The Great Lakes Architectural Expedition
In Collaboration with Drawing Agency
On December 8th, 2008, the States and Territories of Illinois, Indiana, Michigan, Minnesota, New York, Ohio, Pennsylvania, Wisconsin, Montreal, and Quebec, signed into law the Great Lakes-St. Lawrence River Basin Water Resources Compact [The Great Lakes Compact], prohibiting water removal outside the Lakes’ drainage basins and creating a sealed eco-political zone within the United States and Canada.
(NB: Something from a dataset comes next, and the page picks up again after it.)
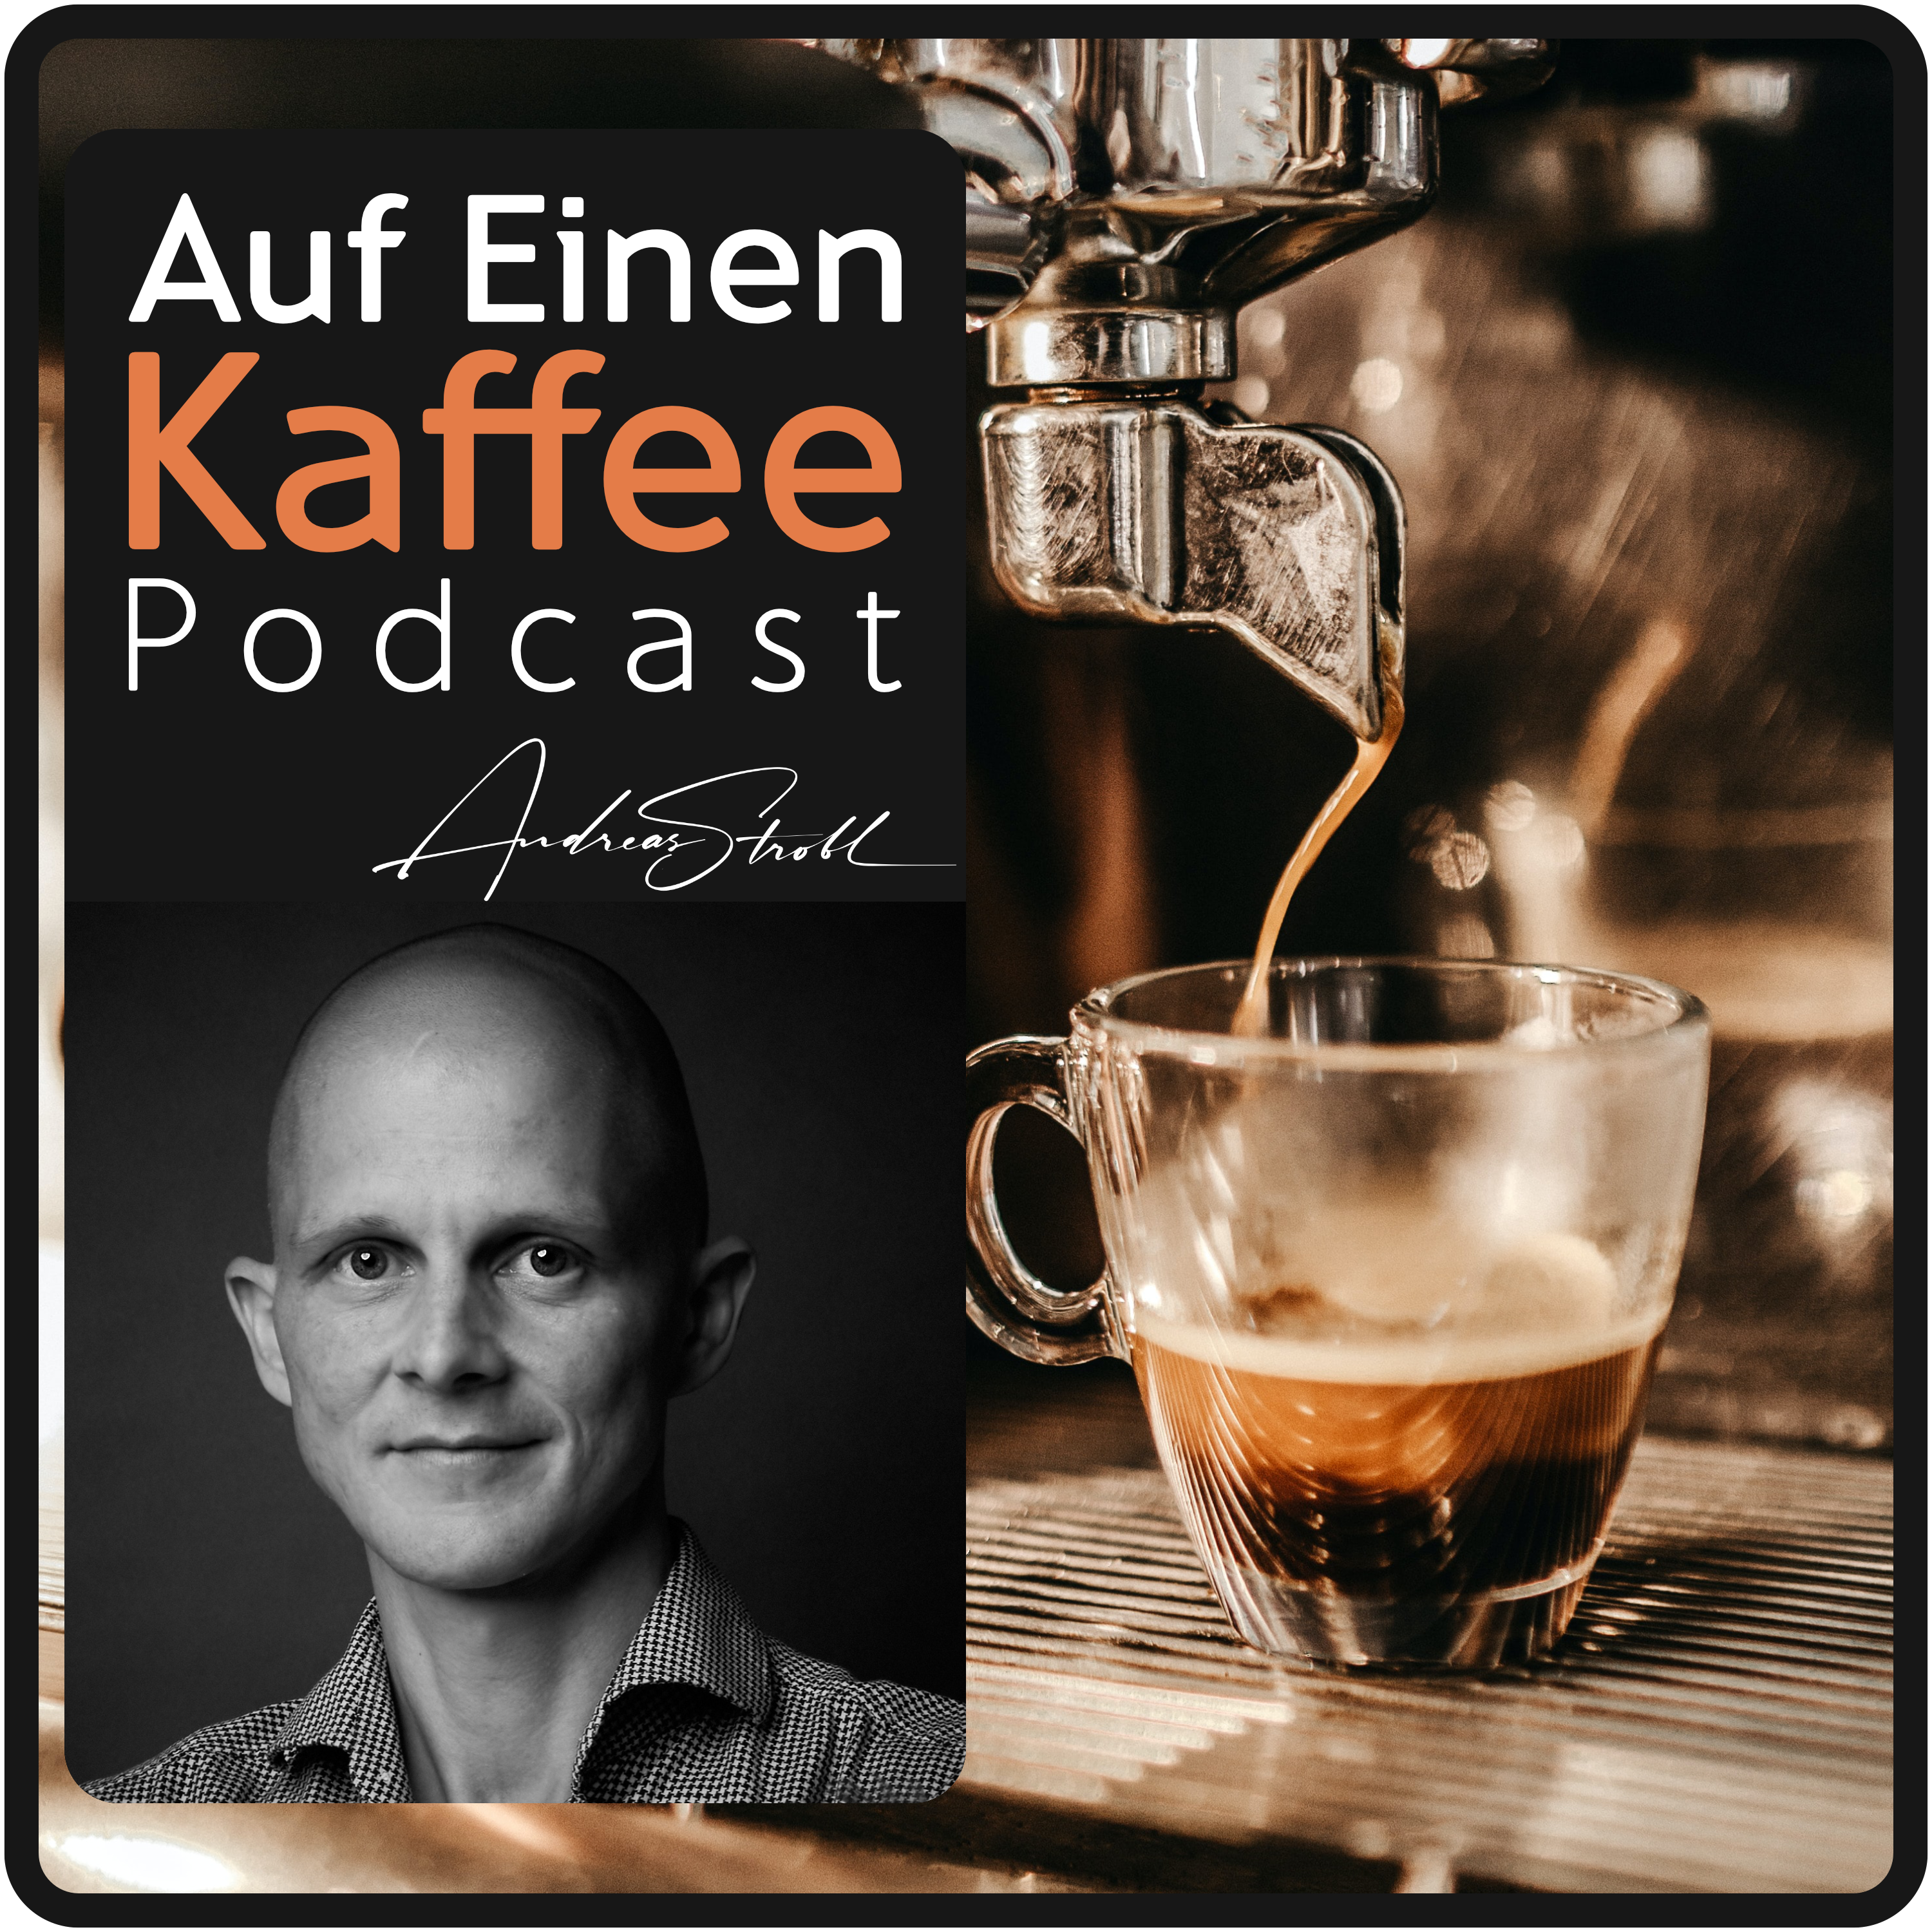 Podcast-Cover - AufEinenKaffee - Mark 1 - 3000px

On April 25th 2018, Wisconsin approved Foxconn’s request to withdraw 7 million gallons of Lake Michigan water per day for a private LCD panel factory outside Racine: Foxconn claimed its factory’s water consumption a “public use” to skirt full Compact review. This feat of semantics exposed the Compact’s lack of actionable public water definitions, and created a leak in the Compact’s closed loop.
Finally, on February 26th, 2019, the citizens of Toledo, Ohio approved the Lake Erie Bill of Rights, granting the city legal guardianship of the Lake and its’ watershed. Unchecked agricultural runoff in 2014 had rendered Lake Erie’s water undrinkable for half a million people for days at a time: algal blooms would return regardless in July 2019.
These three events inspired the foundation of the Great Lakes Architectural Expedition, an experimental public architecture office entrusted with protecting the spirit of the Great Lakes Compact, researching and designing the Watershed’s public realm, and advocating for the Compact’s human, non-human, and material subjects.